(Beginning of DATASET CONTENT)
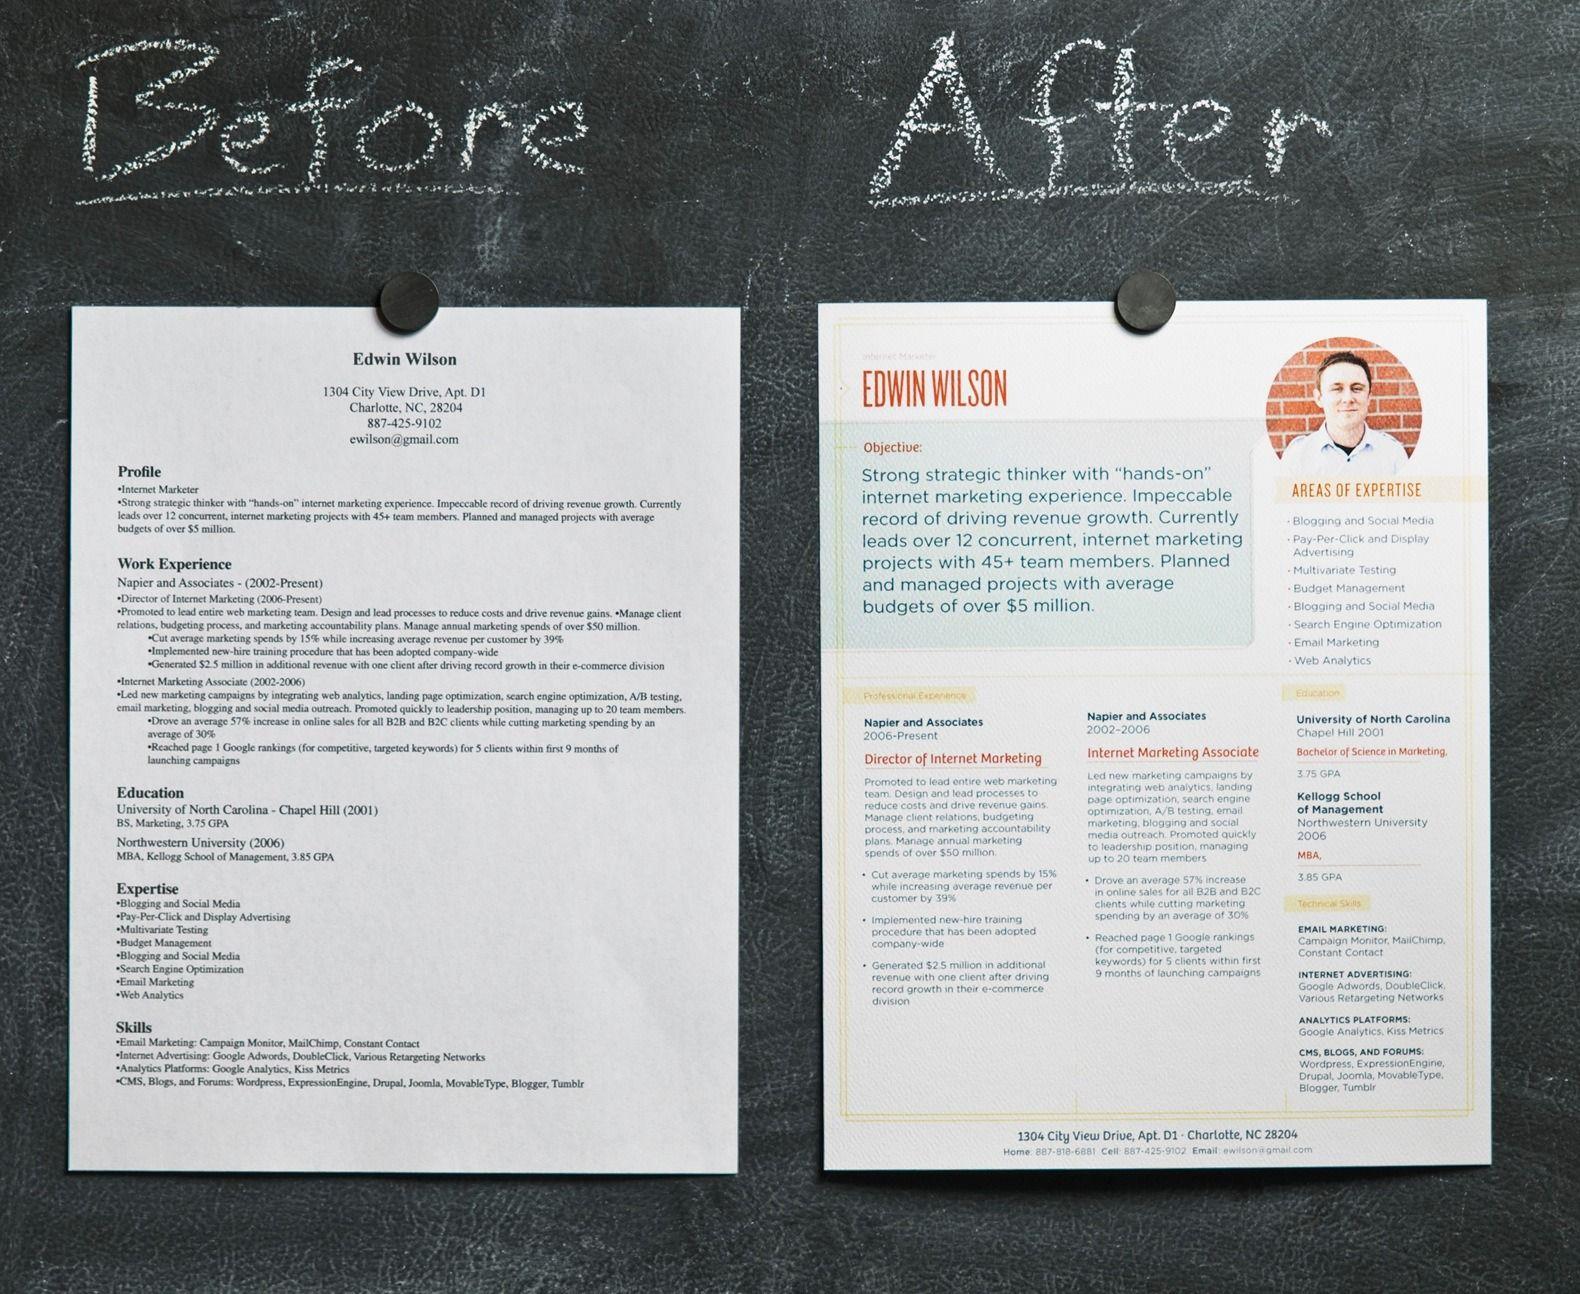 Modern Resume Format Mesmerizing Resume Formats Traditional Vsmodern Design  Edss450A Design Inspiration
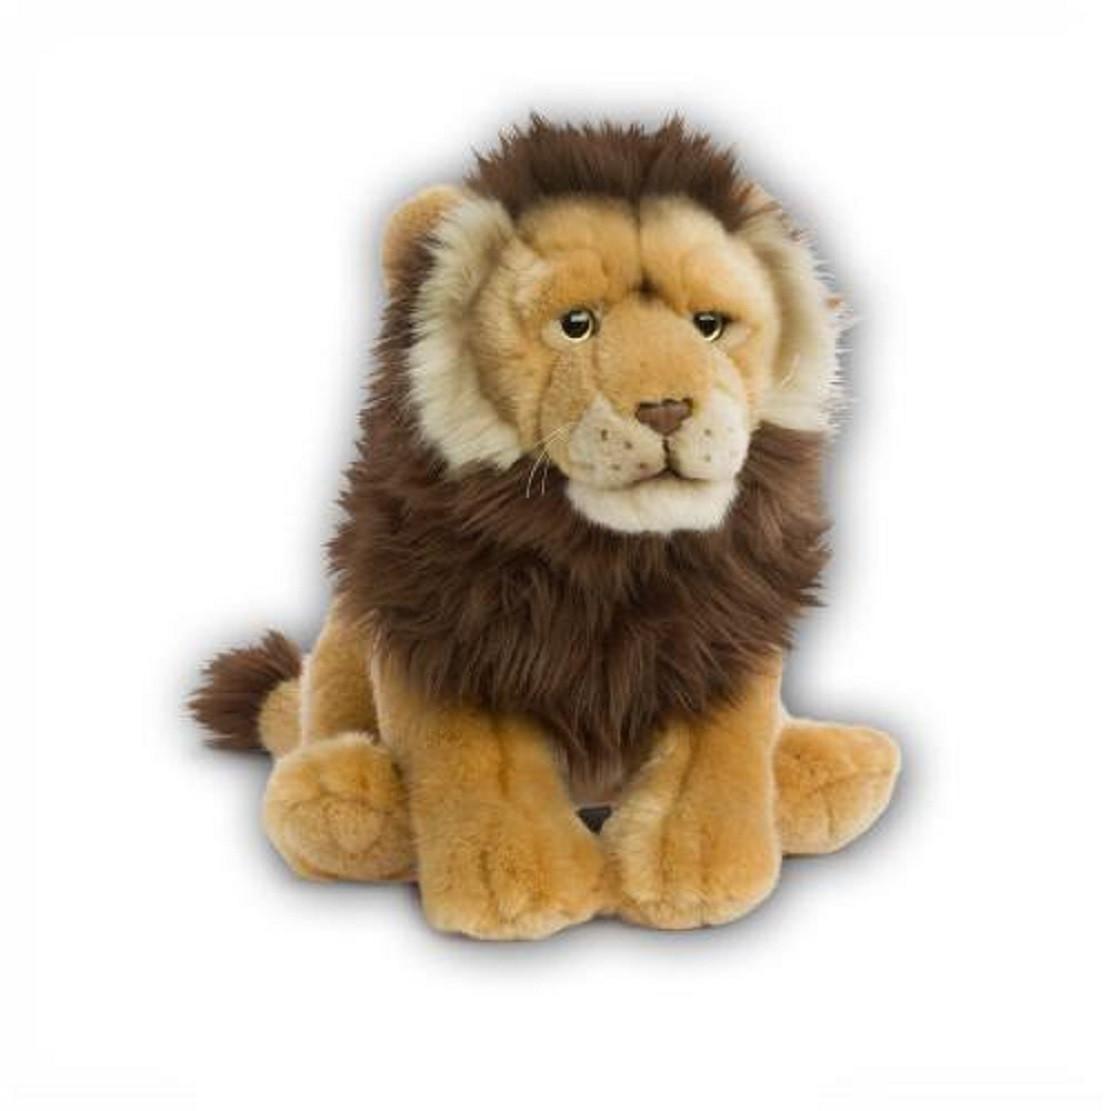 leone peluche  Peluche Leone Seduto 30 Cm Peluches WWF PS 09754 Pelusciamo Store ...
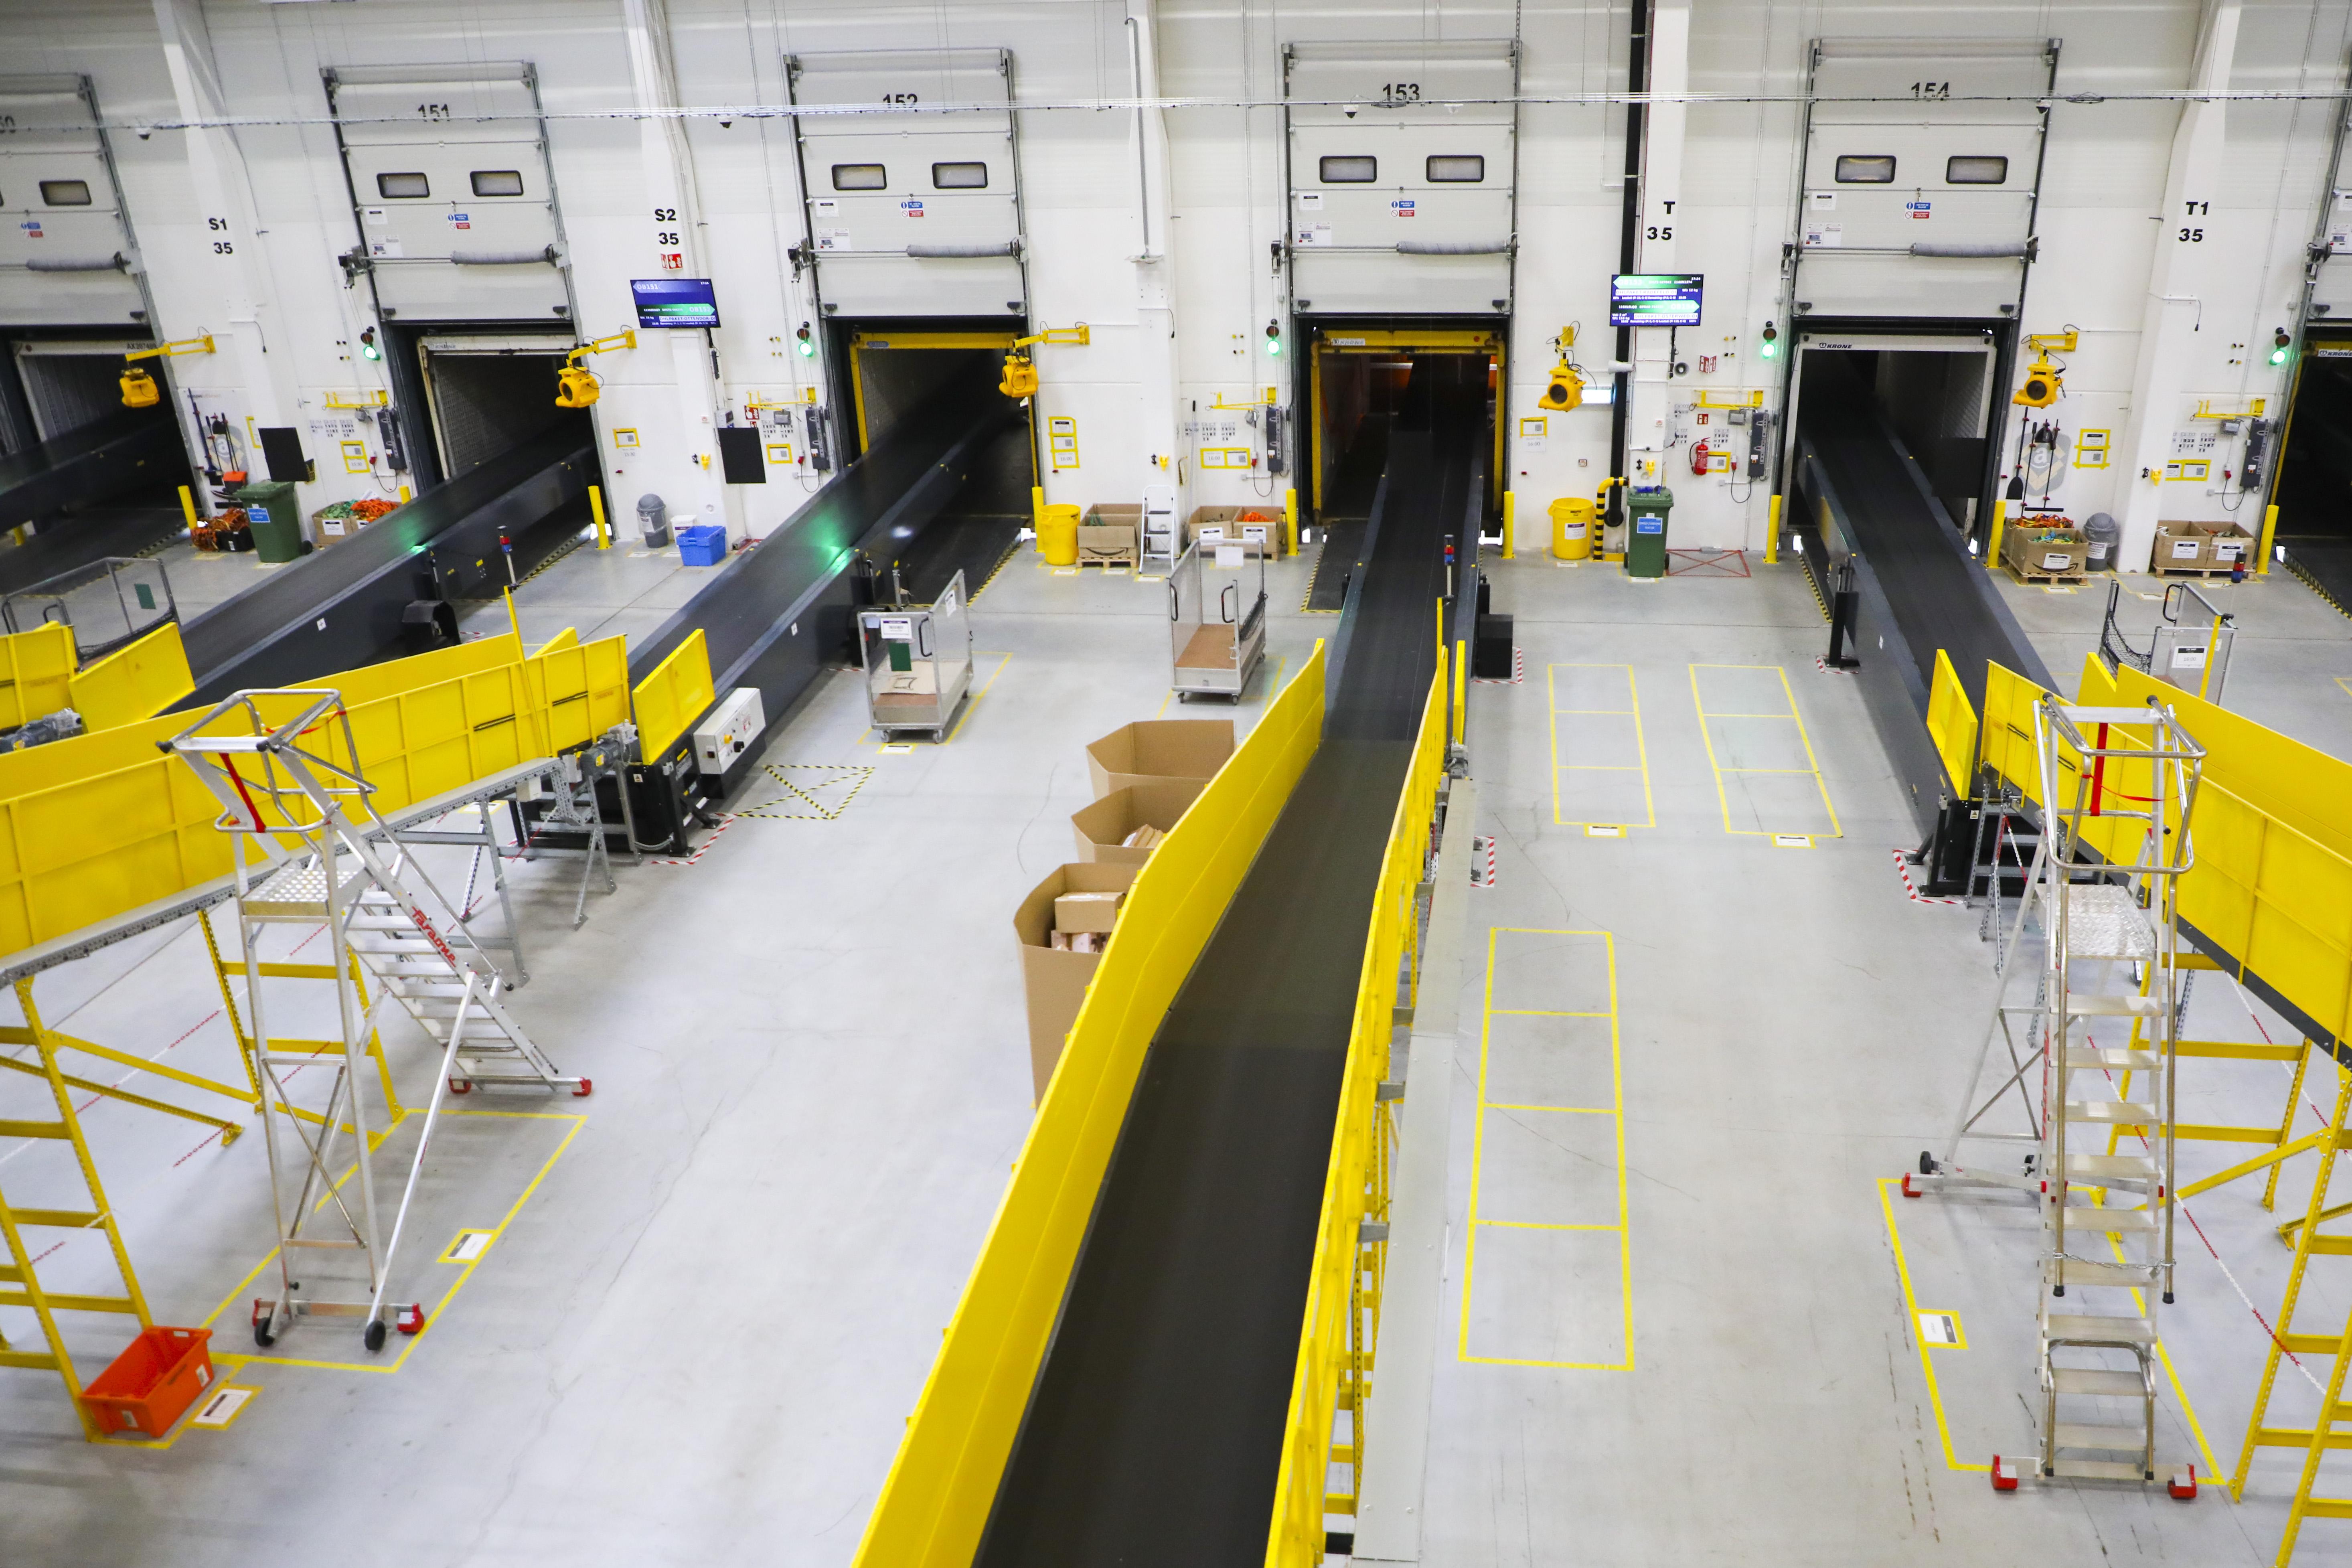 Inside an Amazon fulfillment center.
(End of DATASET CONTENT)
* AIM OF THE EXERCISE *
Copy out, with no pictures, the lines from the one containing "Pelusciamo Store ..." through the last line of the data above, both ends included and each word unchanged.

* RESULT OF THIS TASK *
 leone peluche  Peluche Leone Seduto 30 Cm Peluches WWF PS 09754 Pelusciamo Store ...
 Inside an Amazon fulfillment center.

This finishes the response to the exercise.